Motivation depends on culture: the art of choosing

You might ask what could be the connection between motivation and choosing? Let me go even one step further: In an international working environment how do you make sure that all employees are fully motivated, especially considering that the cultural environment directly influences the preferred leadership style?
Sheena Iyengar in her new book “The Art of Choosing” provides example after example that our choices aren’t always impulsive or isolated, but are often influenced by years of preference building. For years Sheena Iyengar has focused her research on the topic of choosing (she is actually a teacher at Columbia Business School on topics like global leadership and creativity). The general view is that having choices is a good thing, but is it actually true across cultures?
In her book Ms. Iyengar uses scientific evidence to explain the complex calculus that goes into our everyday choices and then goes on to show the preference for having choices or contrary having a given setting strongly depends on the cultural upbringing. One of her example involved college students: When Iyengar asked Japanese and American college students to record all the choices they made during a day, the Americans included things like brushing their teeth and hitting the snooze button. On the other hand the Japanese counterparts did not perceive those actions as a choice.

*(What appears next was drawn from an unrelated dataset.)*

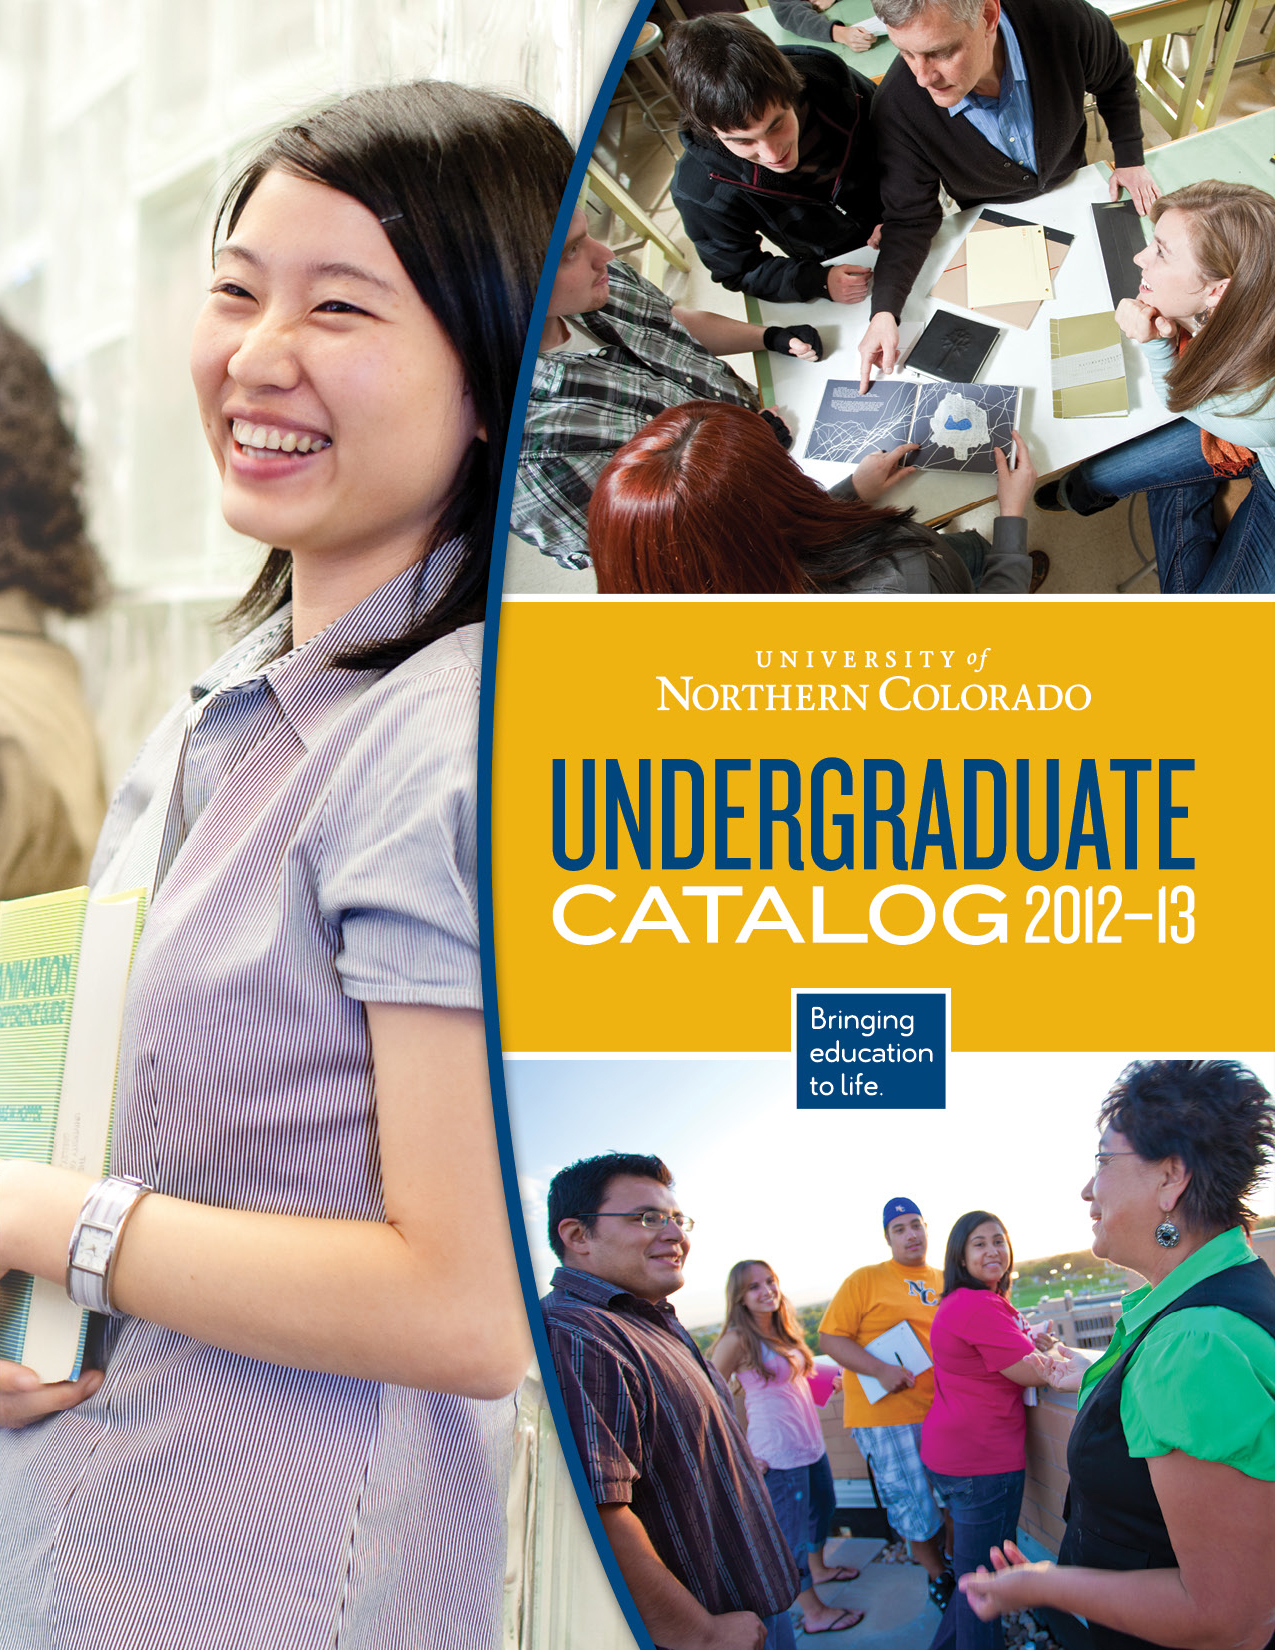 UNC Undergraduate Catalog 2012-13

Another example showed how two ethnic groups of school children reacted on being given choices. The Anglo kids solved the most anagrams and played the longest, when they could pick their own puzzles and markers, while the Asian children did their best when they thought they were following their mothers’ wishes. To the Anglo children, their mothers’ instructions felt like bossy constraints. The Asians by contrast defined their own identities largely by their relationship with their mothers. Their preferences and their mothers’ wishes, Iyengar writes, “were practically one and the same.” Doing what they thought their mothers wanted was their first choice.
As a last step let me connect then the examples above with a real business world example: Sealed Air Corporation (bubble wrap) experienced a high rise in motivation at their pilot site with the change from assembly line structure to small teams. Then when moving on to a more Asian employee based site, the whole concept of freedom of choices at work was met with a highly decreased output, while motivation completely crashed. Only with the introduction of guidelines the motivation soared again.